Indian actor, comedian (born 1977)

Sunil Grover (born 3 August 1977) is an Indian actor and comedian who works in Hindi and Punjabi language films and television. He came into limelight for his portrayal as Gutthi on television show Comedy Nights with Kapil but gained popularity for playing the role of Dr. Mashoor Gulati, Rinku Devi and Pidu on The Kapil Sharma Show. Grover has appeared in several films such as Ghajini, Gabbar Is Back, Baaghi, The Legend of Bhagat Singh, Bharat and Jawan.

==Personal life==
Grover was born on 3 August 1977 in Mandi Dabwali town of Sirsa district, Haryana. He received a Master's Degree in Theatre from Panjab University Chandigarh. He is married to Aarti and has a son. His brother Anil Grover is also an actor.

In February 2022, Grover suffered a heart attack, and had to undergo four bypass surgeries.

==Career==
Grover was discovered during his college days by the late satirist and comedian Jaspal Bhatti. He has also acted in India's first silent comedy show, SAB TV's Gutur Gu in the initial 26 episodes.

During 2000s, he made his television debut with Chala Lallan Hero Banne on Filmy.

He gained a lot of popularity from the comedy shows Comedy Nights with Kapil and The Kapil Sharma Show, through which he became well known for his comical characters like Gutthi, Rinku Bhabi and Dr. Mashoor Gulati. He also mimics famous Bollywood actors like Amitabh Bachhan and many others in the show which were mostly liked by the viewers. But after having a fight with his co-actor Kapil Sharma, Sunil left the show.

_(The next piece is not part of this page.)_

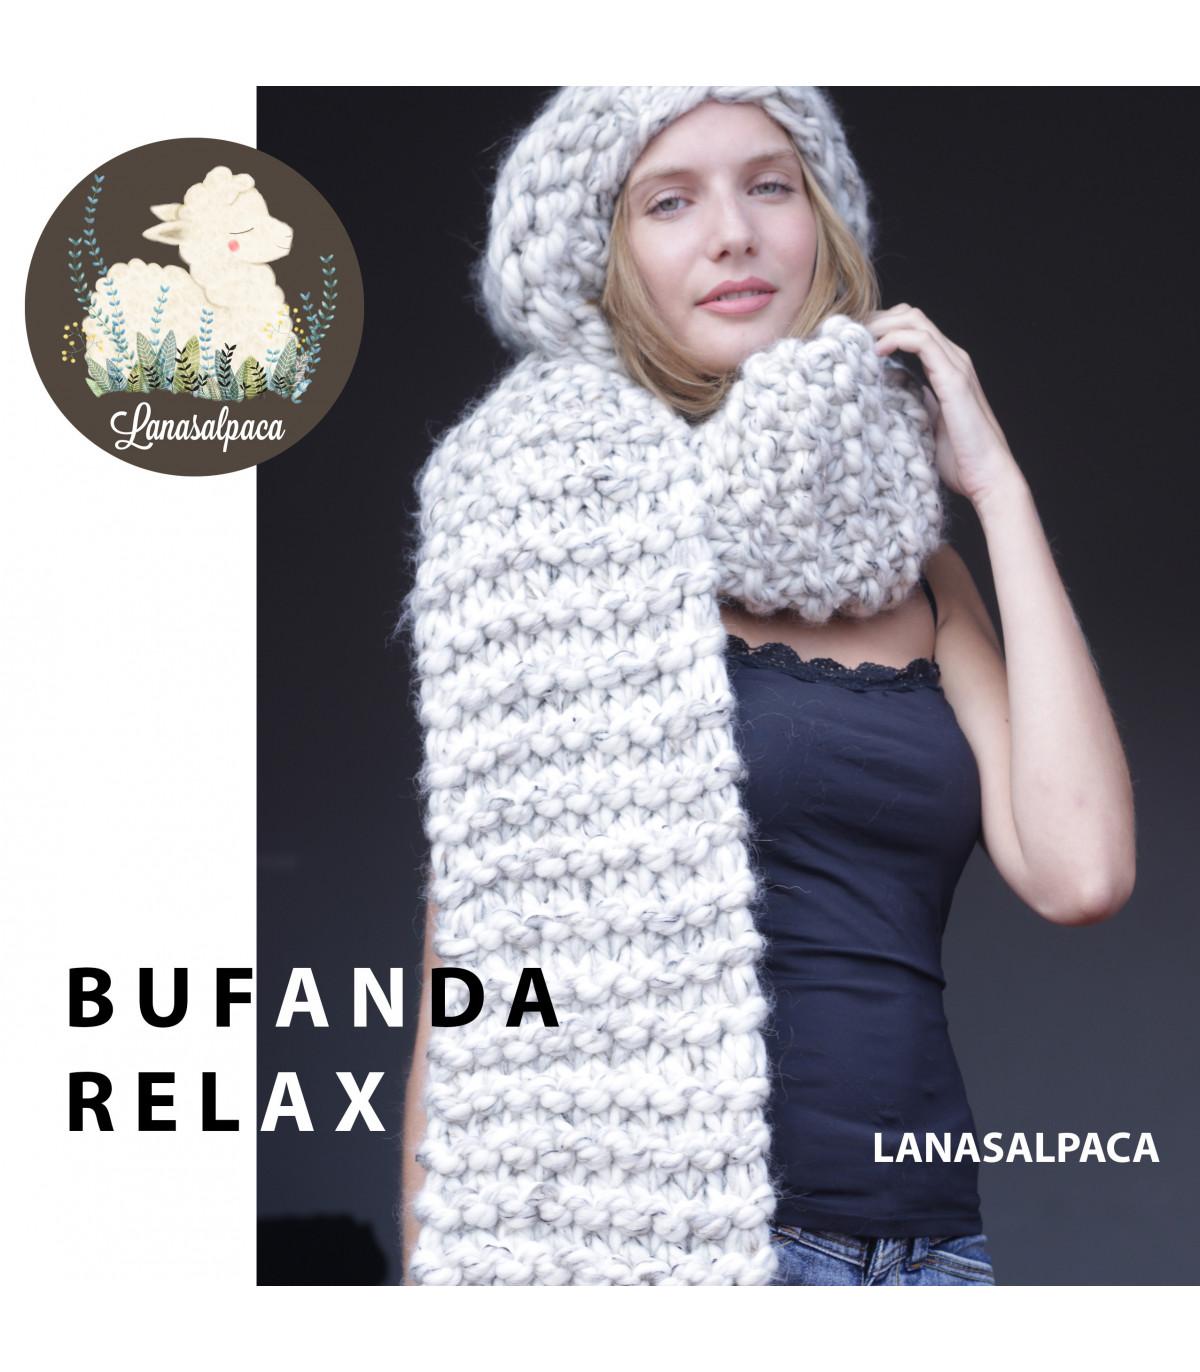 Bufanda Relax - Lanasalpaca

Soon after leaving Kapil's show, Grover returned to television with Star Plus's show Kanpur Wale Khuranas with Aparshakti Khurana as the host. The plot of the show was similar to that of The Kapil Sharma Show, but it didn't last long and soon went off air.

In 2016, Grover debuted in the Punjab film industry with Vaisakhi List and in the same year, he portrayed Shraddha Kapoor's father in Baaghi.

He made a comeback in television industry in August 2020 with the show Gangs of Filmistan on Star Bharat where he played role of Bhindi Bhai. The show ended in October 2020.

In 2021, Grover portrayed Gurpal Chauhan in political drama web series Tandav, directed by Ali Abbas Zafar with an ensemble cast of Saif Ali Khan, Tigmanshu Dhulia, Kumud Mishra, Mohammed Zeeshan Ayyub, Gauahar Khan, Amyra Dastur, Kritika Kamra, Sarah Jane Dias and Sandhya Mridul, Anup Soni and Dino Morea. In the same year, he portrayed Sonu Singh in the thriller web-series Sunflower, for which he shed almost 8.1 kilos.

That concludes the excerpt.